What to do:
Output the first line of the listing and each line after it, up to and including the line that contains "This is our", exactly as written, minus the pictures.

The data:

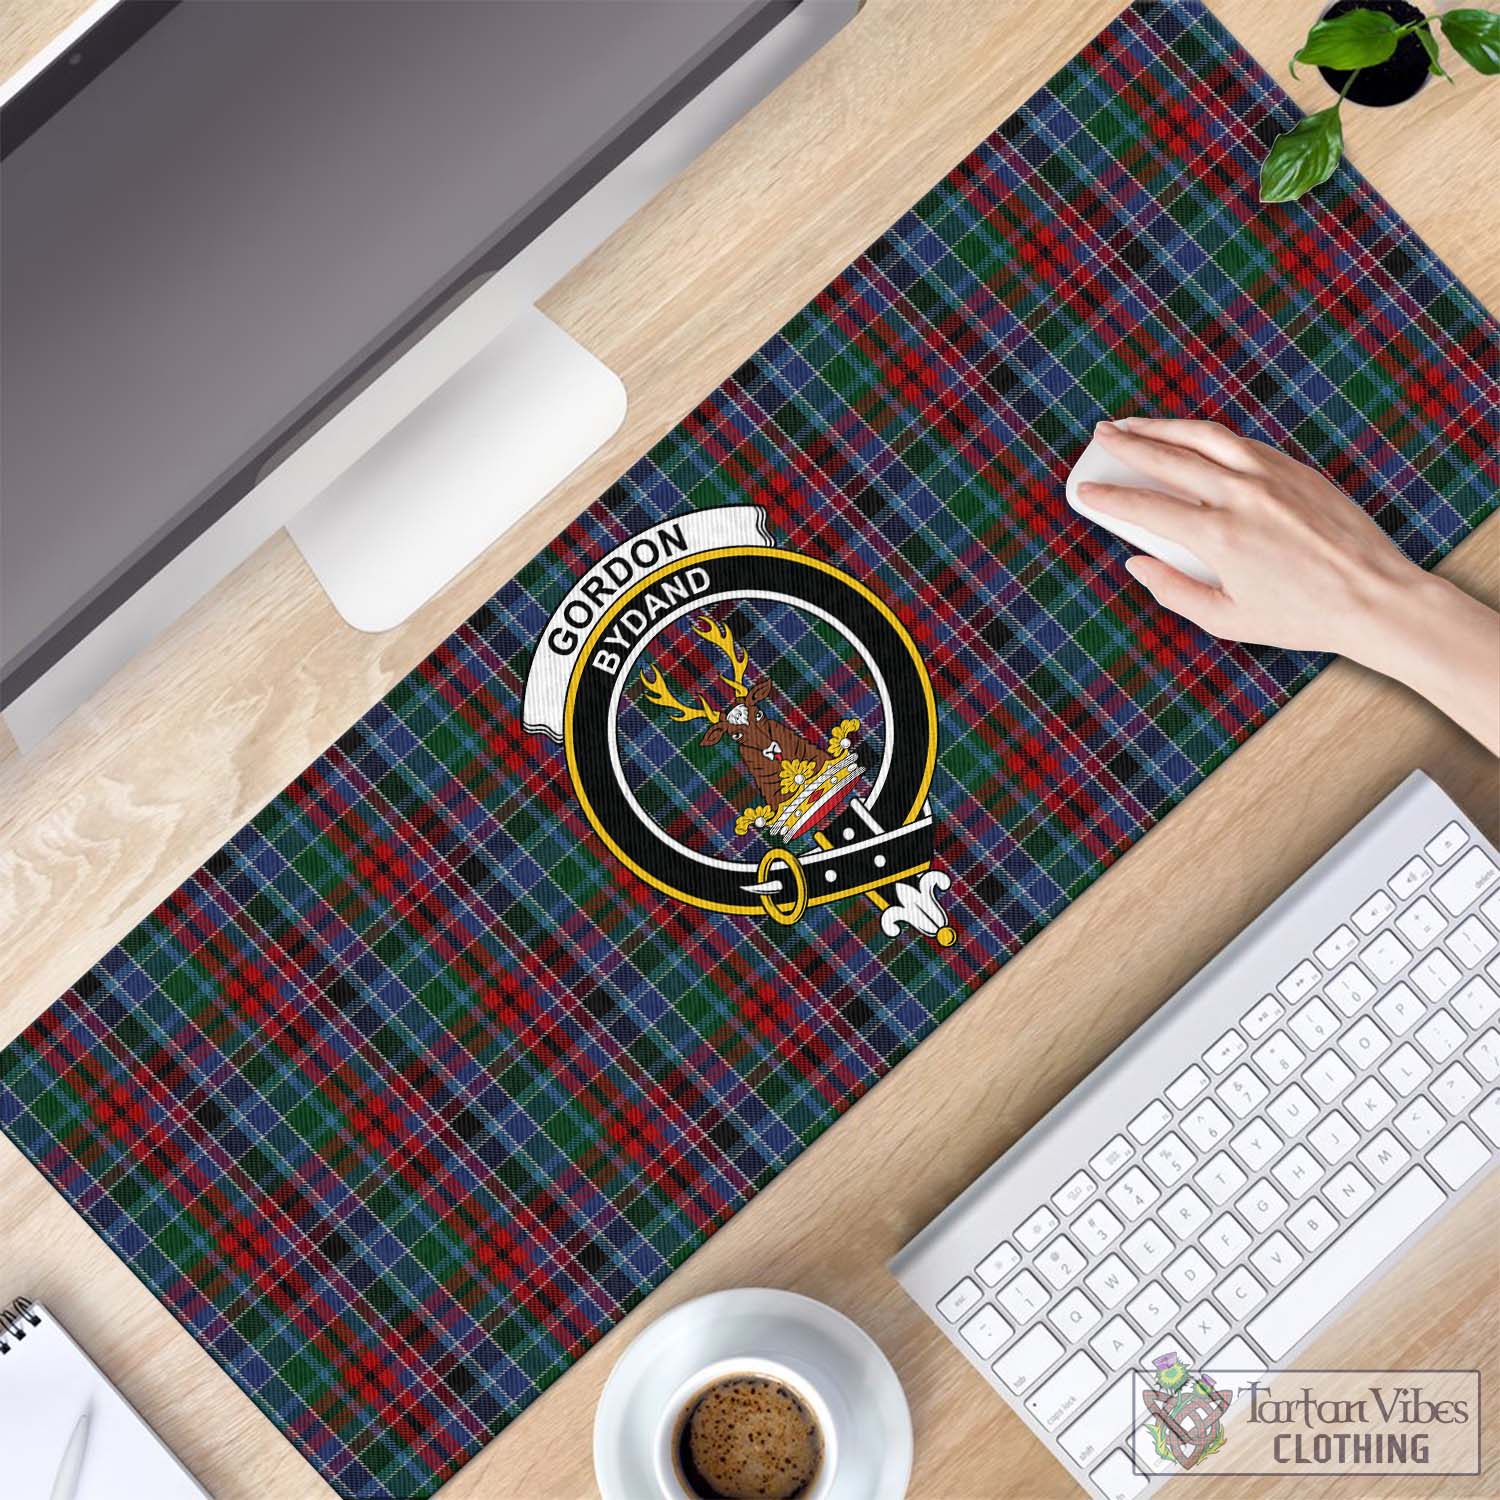 Tartan Vibes Clothing Gordon Red Tartan Mouse Pad with Family Crest
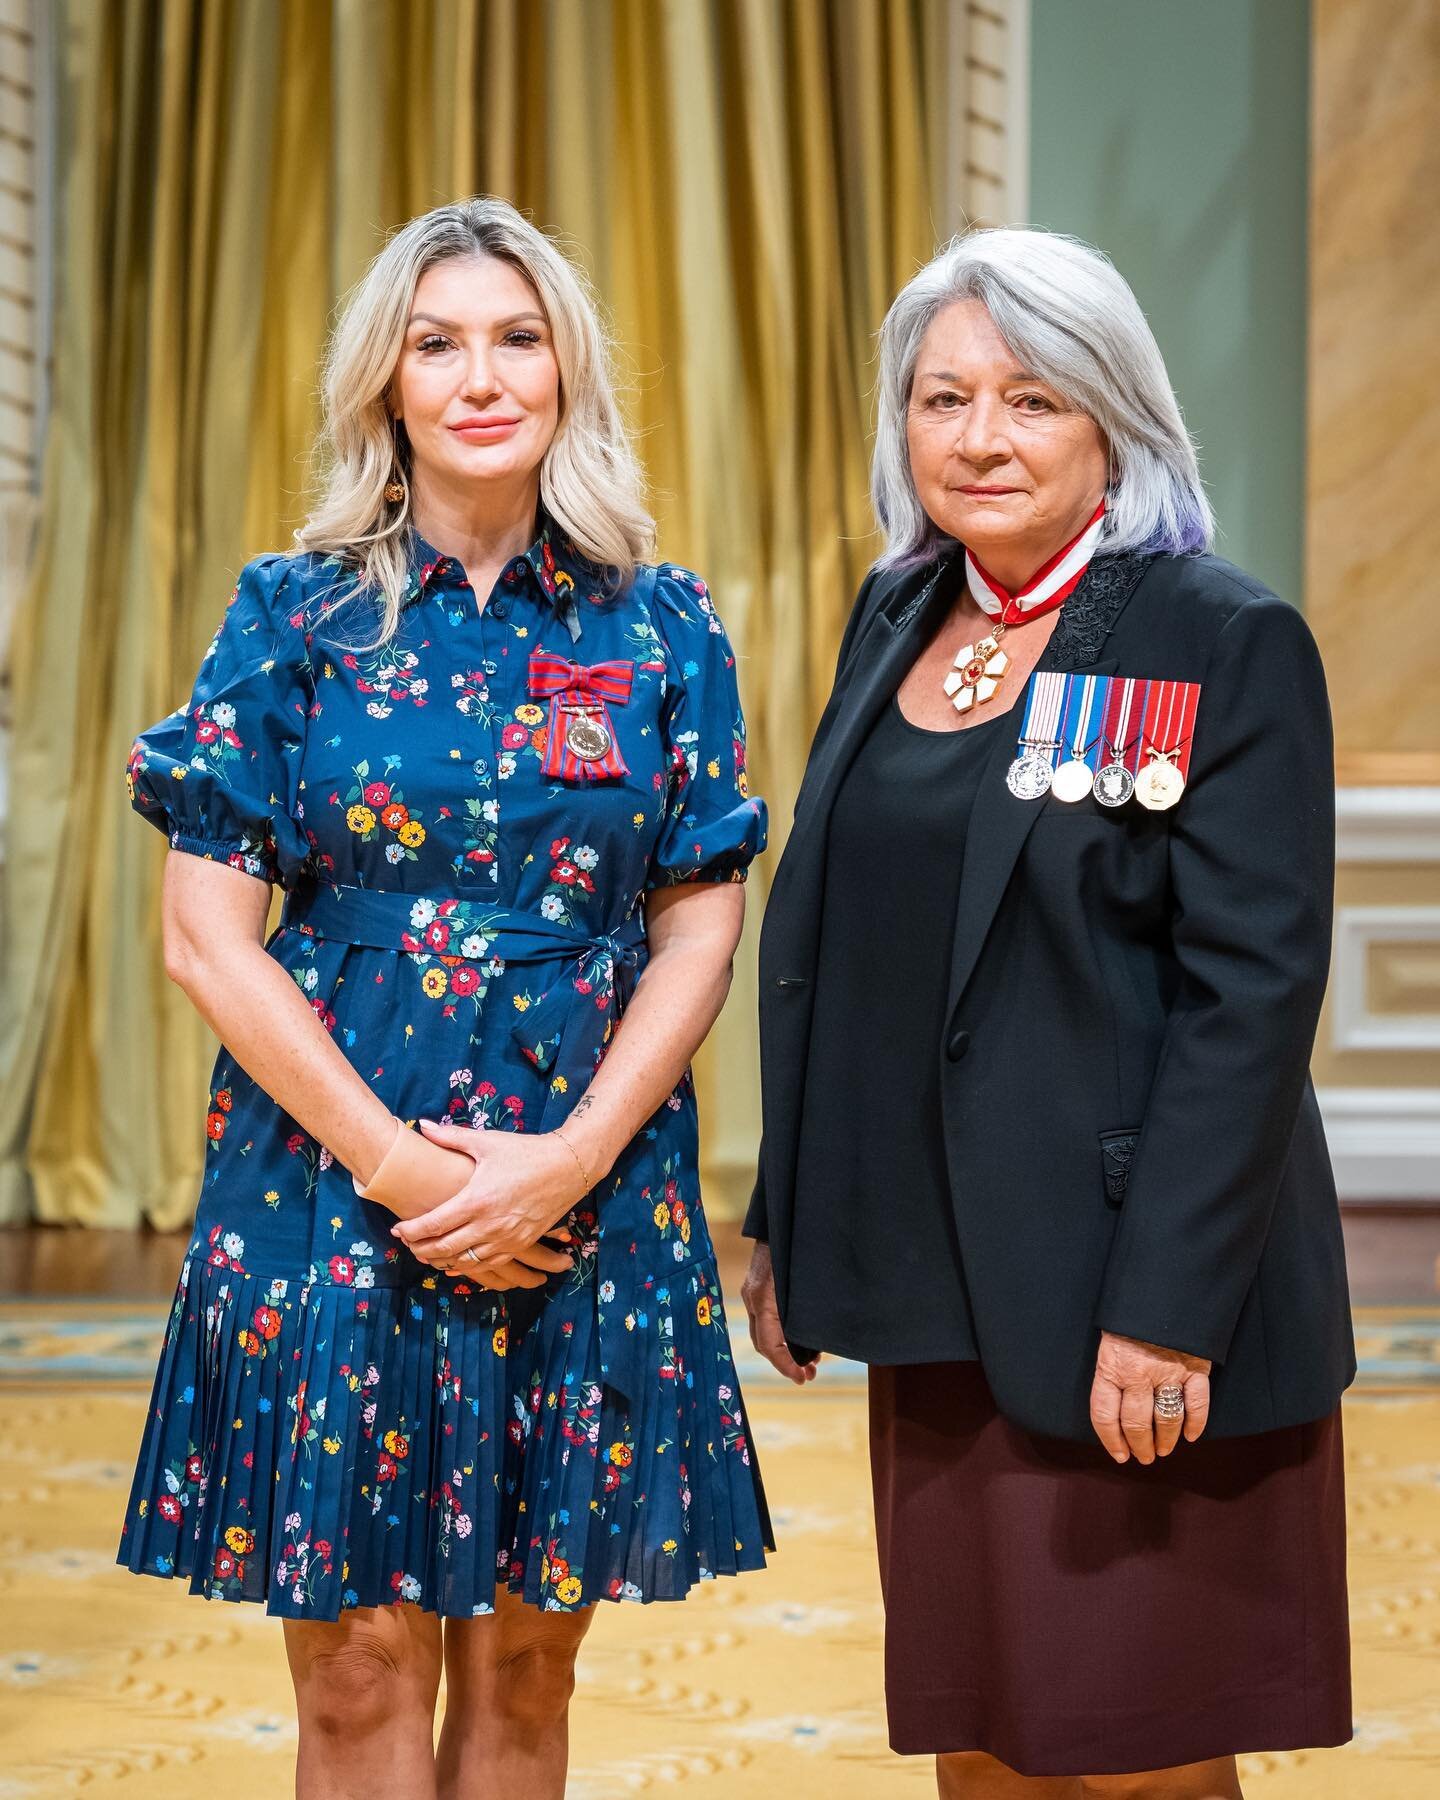 This is our patient Julie Callaghan who received her completed prosthetic this week! Julie recently received a Medal of Bravery from The Governor General in recognition of an act of bravery in hazardous circumstances. In May 2018 Julie attempted to r
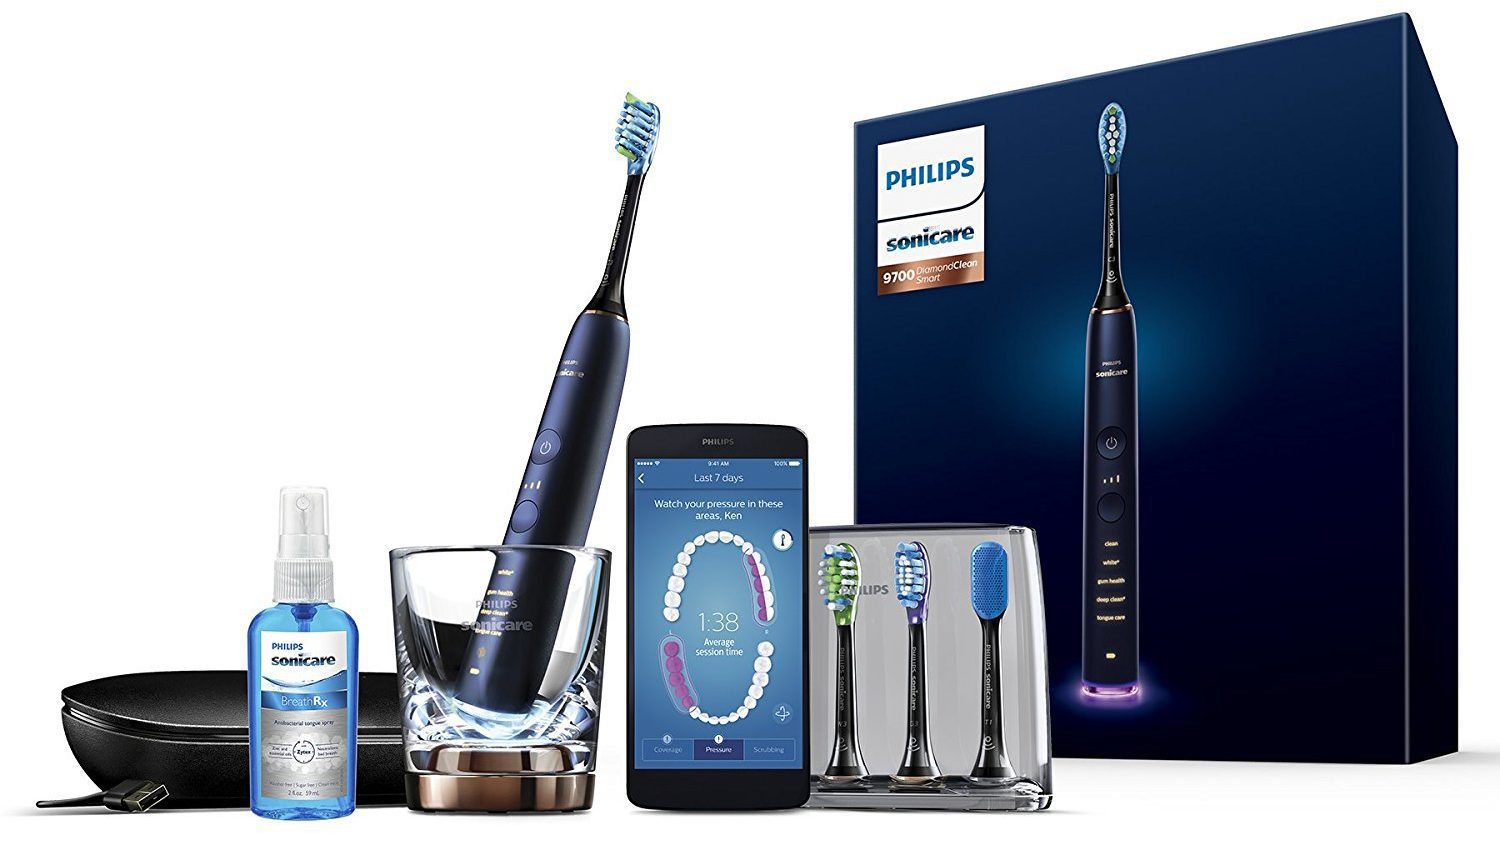 Philips IFA 2018: Philips Diamond CleanSmart is the most advanced toothbrush on the market
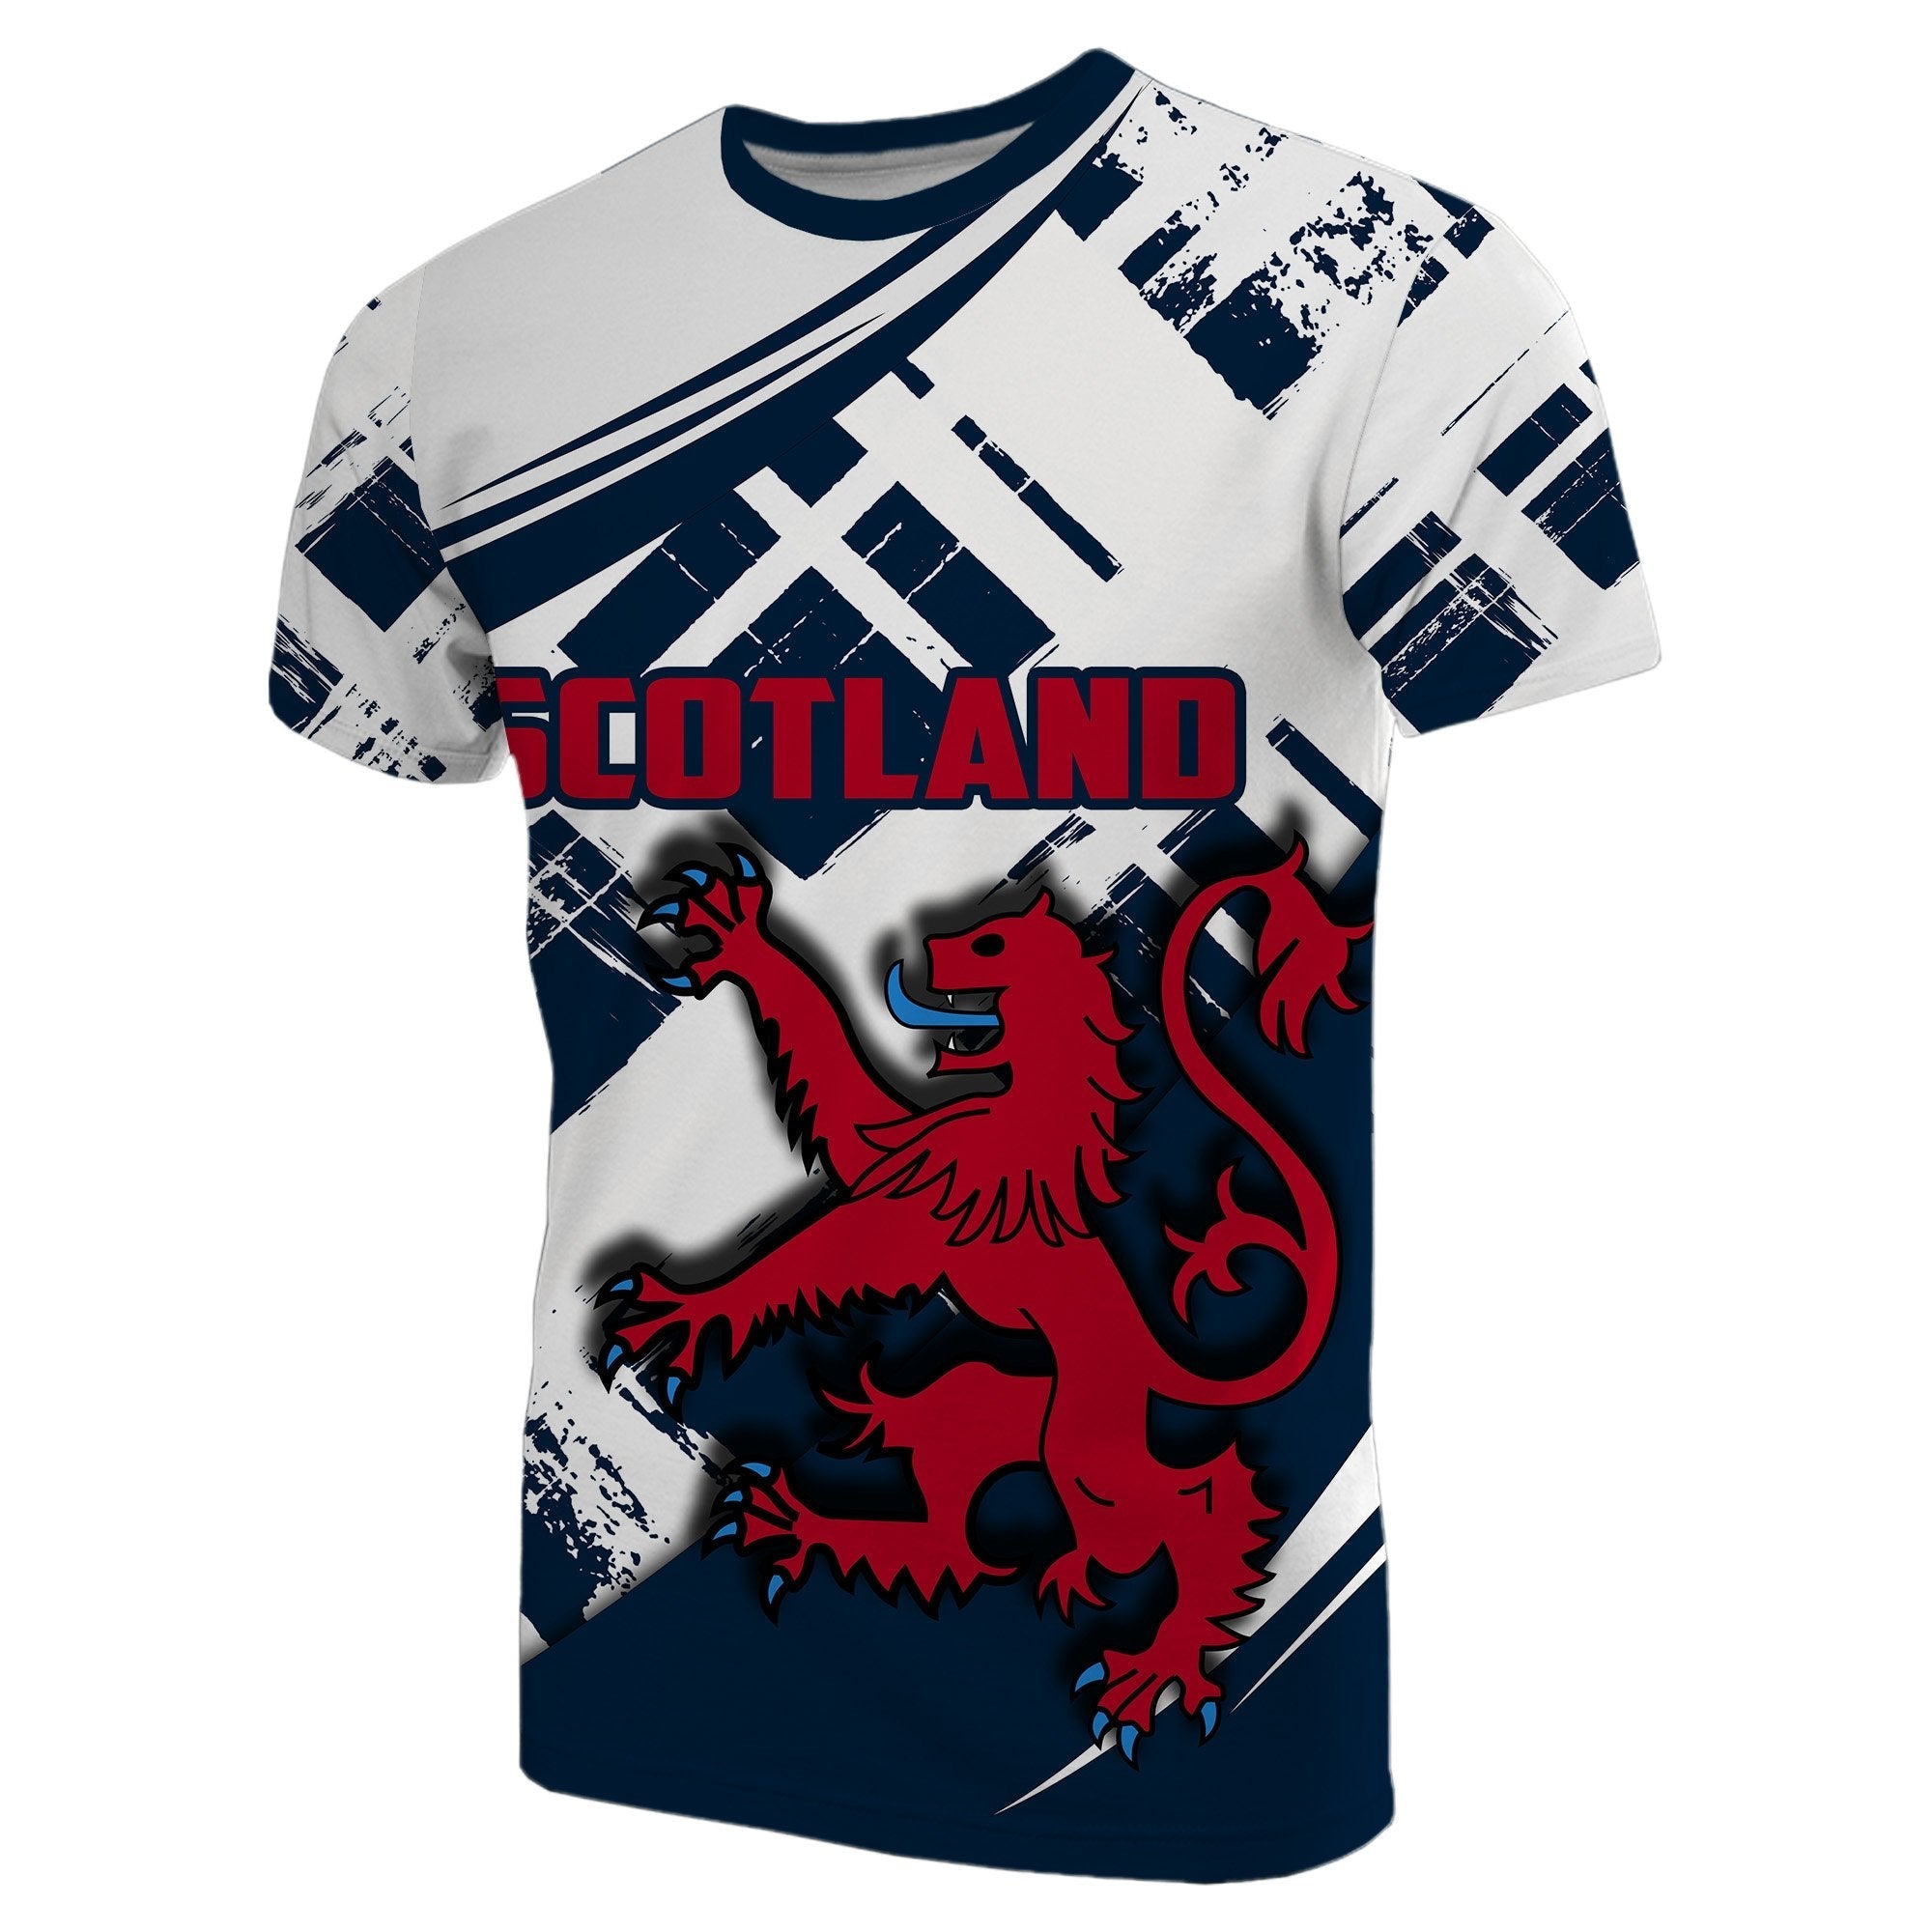 scotland-rugby-t-shirt-the-thistle-lion-rampant-style

Response area:
 Tartan Vibes Clothing Gordon Red Tartan Mouse Pad with Family Crest
 This is our patient Julie Callaghan who received her completed prosthetic this week! Julie recently received a Medal of Bravery from The Governor General in recognition of an act of bravery in hazardous circumstances. In May 2018 Julie attempted to r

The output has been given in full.